The Chancellor of the Exchequer presented his 2018 Budget on 29 October. Our Director of Policy Steve Webb explains how it will affect you
Much of the discussion around the 2018 Budget focused on the Chancellor’s spending plans, ranging from a large long-term boost to spending on the NHS to additional short-term spending on everything from schools to pot holes. But Budgets often also have implications for our personal finances, and this one was no exception. Here are the five key things you should be aware of:
Income tax bills should be coming down in April 2019. The point at which we start paying income tax (the personal allowance) will rise from £11,850 to £12,500, which is a bigger increase than expected, but the personal allowance will be frozen in April 2020. The starting point for higher rate income tax will also rise, from £46,350 to £50,000, but it’ll then be frozen the following year. There are different rates and thresholds in Scotland, where the Scottish government hasn’t announced its plans yet.
National Insurance Contributions (NICs)
Higher earners who are celebrating the increase in the starting point for higher rate income tax will find that their gains are lower than they might have expected. This is because the limit on the main rate of NICs (12%) was also raised from £46,350 to £50,000. Above the limit, the NICs rate drops to 2%, so a large increase in the limit for NICs means more of the wages of higher earners are charged at the full 12% rate.

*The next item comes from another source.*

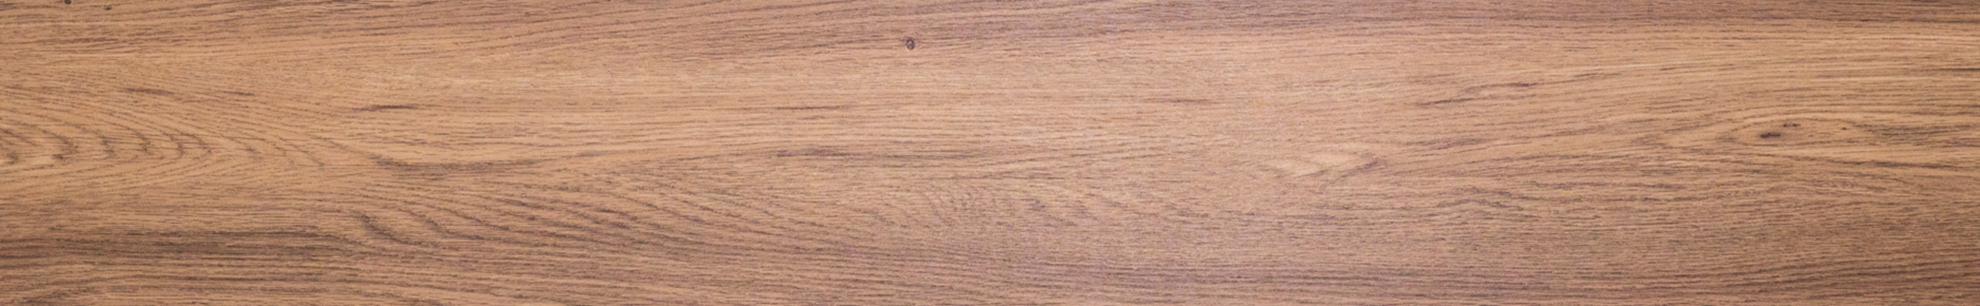 Виниловая плитка NOX EcoClick - EcoWood DryBack Дуб Виши

This time, the Chancellor had a ‘pick and mix’ approach to the duties on items such as beer, wine, spirits, petrol and tobacco. Petrol duties will be frozen again, as will duties on beer, cider and spirits, but duties on wine and on tobacco have been increased in the usual way.
Taxation of contractors
HM Revenue and Customs (HMRC) has been carrying out a long-running campaign against people who are registered as self-employed, but who HMRC believes to be, in effect, employees. This year, the government has been clamping down on the use of contractors by the public sector. In the Budget, the Chancellor announced that in 2019 the same restrictions would apply to larger private sector employers who use contractors.
These employers will have a legal duty to check whether their contractors are ‘genuinely’ self-employed, and will be responsible if it’s decided afterwards that they should have been treated as employed earners. The Chancellor expects that this rule change will be his biggest revenue-raising measure in the Budget.
The government is gradually introducing a new benefit, Universal Credit, to replace six existing benefits and tax credits. The new system has proved to be controversial, partly because of delays in payments and partly because certain groups get less support than under the old rules. The Chancellor announced extra money for Universal Credit that will benefit families in low-paid work and also help to smooth the transition onto the new system for those currently receiving existing benefits, such as Jobseekers Allowance.
Sometimes, the most interesting aspect of the Budget is the ‘dog that didn’t bark’. Despite warning in the run-up to the Budget that the cost of pension tax relief was ‘eye-wateringly expensive’, the Chancellor didn’t make any changes to the system this time round. But we believe it’s only a matter of ‘when’ rather than ‘if’ this Chancellor (or a successor) further reduces the limits on pension contributions, which benefit from tax relief.